Reputation: 1171
I want to calculate the mean for several columns and thus create a new column for the mean using dplyr
and without melting + merging.
> head(growth2)
CODE_COUNTRY CODE_PLOT IV12_ha_yr IV23_ha_yr IV34_ha_yr IV14_ha_yr IV24_ha_yr IV13_ha_yr
1 1 6 4.10 6.97 NA NA NA 4.58
2 1 17 9.88 8.75 NA NA NA 8.25
3 1 30 NA NA NA NA NA NA
4 1 37 15.43 15.07 11.89 10.00 12.09 14.33
5 1 41 20.21 15.01 14.72 11.31 13.27 17.09
6 1 46 12.64 14.36 13.65 9.07 12.47 12.36
>
I need a new column within the dataset with the mean of all the IV columns. I tried this:
growth2 %>%
group_by(CODE_COUNTRY, CODE_PLOT) %>%
summarise(IVmean=mean(IV12_ha_yr:IV13_ha_yr, na.rm=TRUE))
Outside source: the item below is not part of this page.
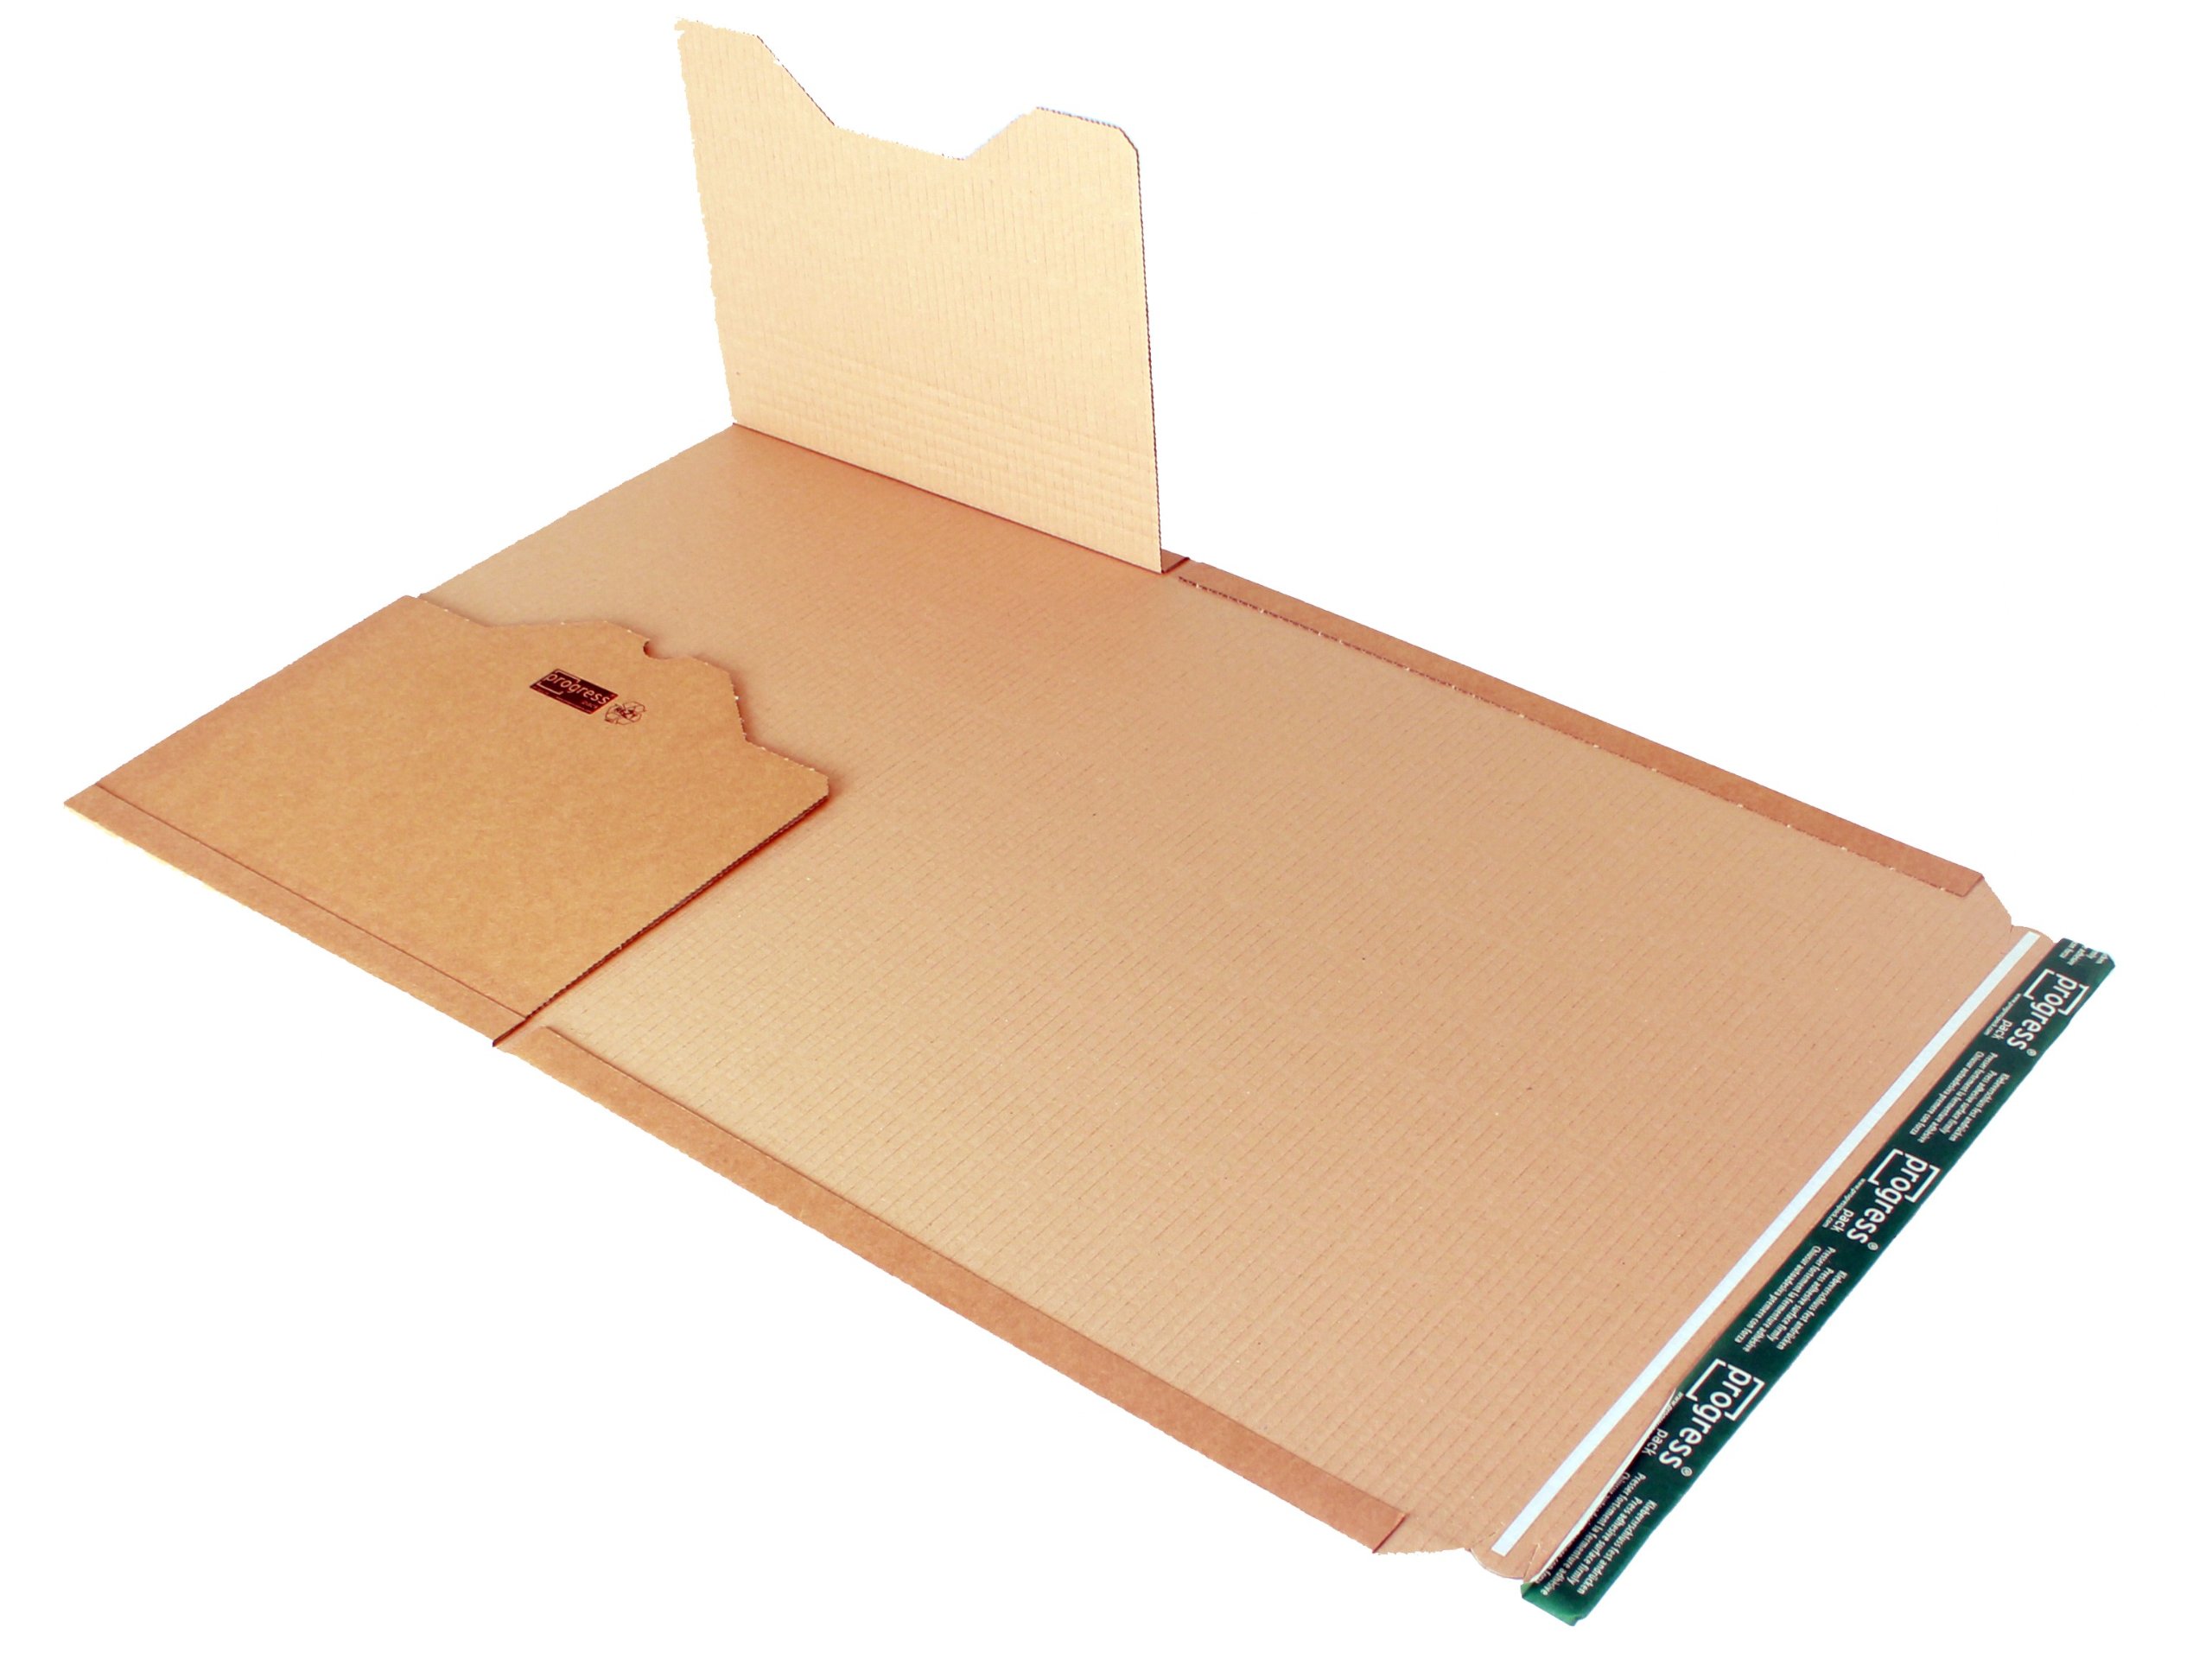 progressPACK Universal-Versandverpackung Premium PP B02.18 aus Wellpappe, DIN A3, 455 x 325 x bis 80 mm, 20-er Pack, braun

And returned several errors depending on the example used, such as:
Error in NA_real_:NA_real_ : NA/NaN argument
or
Error in if (trim > 0 && n) { : missing value where TRUE/FALSE needed
Upvotes: 39
Views: 74576
Reputation: 3690
Here is a tidyverse solution using c_across
which is designed for row-wise aggregations. With c_across
it's easy to refer to columns by name, type or position and to apply any function to the selected columns.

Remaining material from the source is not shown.